Environment in the financial audit

Environment in the financial audit

The International Federation of Accountants (IFAC) through the International Auditing Practices Committee has released an Exposure Draft of a proposed International Auditing Practice Statement entitled The consideration of environmental matters in the audit of financial statements. The guidance is a response to the considerable interest shown in IFAC’s 1995 discussion paper on the audit profession and the environment.

The environment clearly represents an area of both significant operational risk and expenditure for many companies. Being able to understand and to apply a standard and recognised approach for addressing the environment in an audit of financial statements is a benefit to all auditors. This draft should be welcomed by the financial audit community for the assistance it provides in addressing environmental matters in the audit of financial statements.

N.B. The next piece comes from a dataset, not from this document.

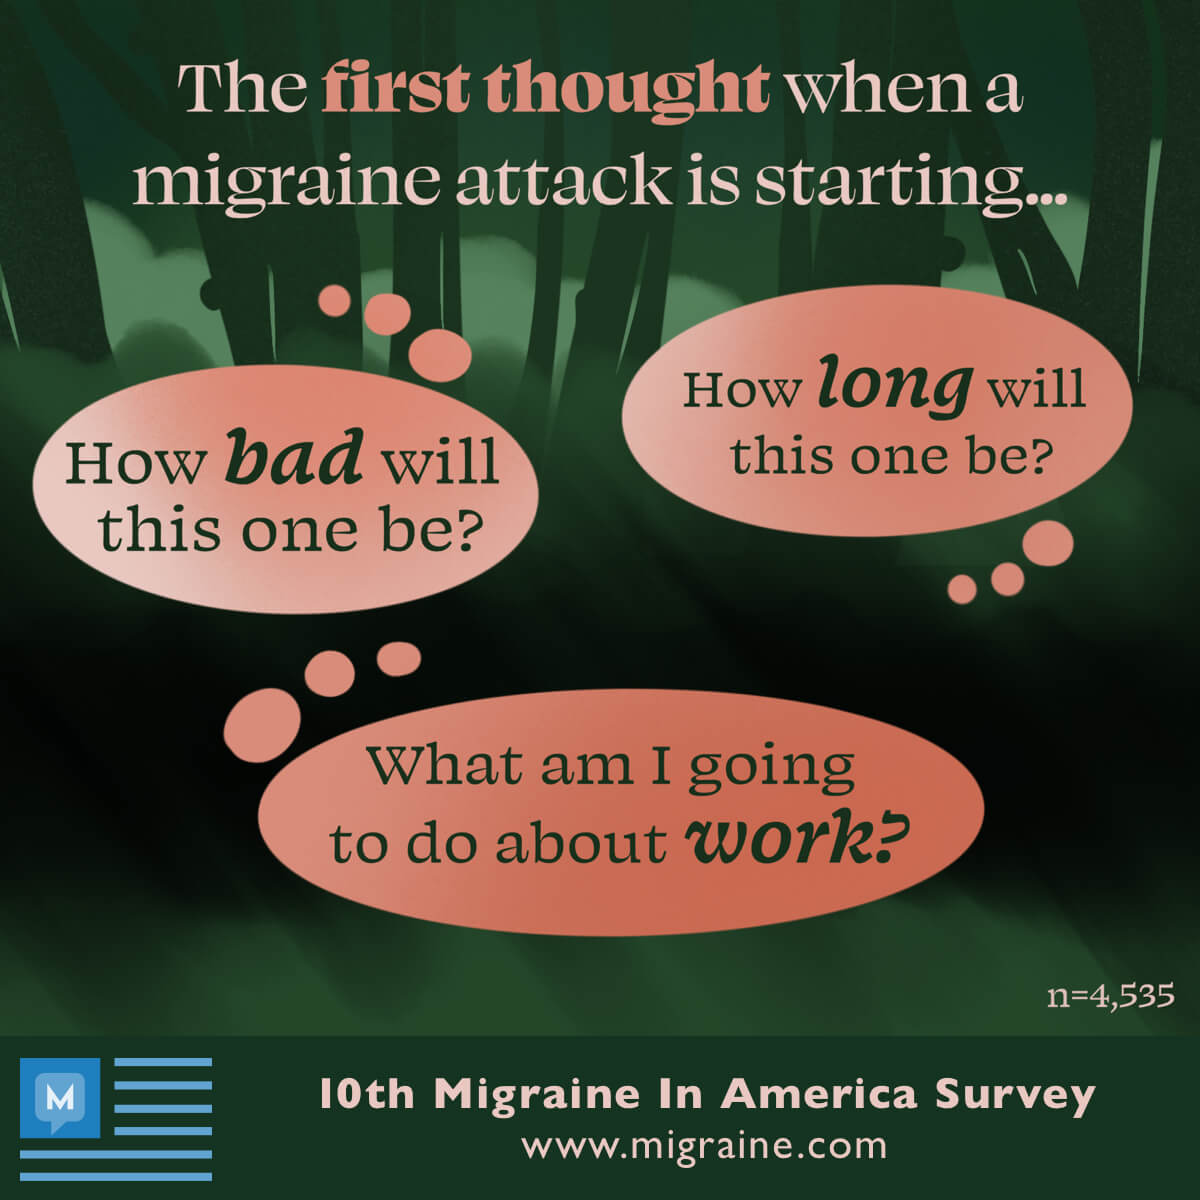 Migraine In America Survey respondents question the unpredictability of life when they feel a migraine attack starting.

It aims to give practical assistance to auditors in identifying and addressing environmental matters which may have a material effect on the financial accounts: they may affect the accruals, impairment of assets, disclosures or the basis of preparation. The draft outlines some examples, such as:

– when soil pollution on the entity’s premises requires soil restoration it may be necessary to accrue for remediation costs or to make appropriate disclosures

– entities that have transported hazardous waste to illegal waste disposal sites may be held responsible for contamination that may occur at those sites

The statement concentrates on seven issues most relevant to identifying and addressing environmental matters in the audit of financial statements.

The consideration of relevant environmental laws and regulations

The auditor is not and cannot be held responsible for preventing a client’s non-compliance with environmental laws and regulations. However, the audit must be planned and performed with an attitude of professional scepticism.

As part of the planning process the auditor must obtain a general understanding of environmental laws and regulations applicable to the client, and the policies and procedures used to comply.

Knowledge of the business

The auditor must be able to understand the possible impact of environmental matters on the financial statements, the audit process and the audit report respectively. The auditor’s required level of knowledge is less than that of management or of environmental experts, but needs to be sufficient to enable an understanding of environmental matters.

Risk assessments and internal control

The draft provides examples of what an auditor should do to assess the level of environmental risk and the adequacy of the entity’s controls.

Examples are given of what to look for both in assessing the inherent risk of material misstatement due to environmental matters and for when the auditor is assessing the accounting and internal control systems.

The control environment can be judged on a list of factors provided in the draft: for example, board responsibility for the environment. An understanding of control procedures should be acquired.

Detection risk/substantive procedures

In determining appropriate substantive audit procedures, the auditor is expected to consider the level of risk so as to reduce it to an acceptable level. In certain situations the auditor may need to consider using the work of environmental experts.

Using the work of others

Environmental experts may be required to provide assistance in developing accounting estimates and disclosures. The internal audit department may have information on the environmental aspects of the entity’s operations.

The auditor may also consider using the findings of environmental audits as appropriate evidence.

Management representations

Because much of the evidence in respect to the impact of environmental matters on the financial statements will be persuasive rather than conclusive, the auditor may wish to obtain specific representation from management that they:

– are not aware of any material liabilities or contingencies arising from environmental matters, including those resulting from illegal or possibly illegal acts

– are not aware of environmental matters that may result in a material impairment of assets or

– if aware of such matters, have disclosed to the auditor all facts related to them

Reporting

The auditor should assess the need for disclosure of the effects of environmental matters on the financial statements. If it is required, the auditor should assess the adequacy of such disclosure including management conclusions regarding the expected outcomes of contingencies.

The auditor may conclude that there are significant uncertainties, or inappropriate disclosures, due to environmental matters and issue a modified auditor’s report.

Jodie Lewis is an environmental consultant for KPMG’s Environment Unit.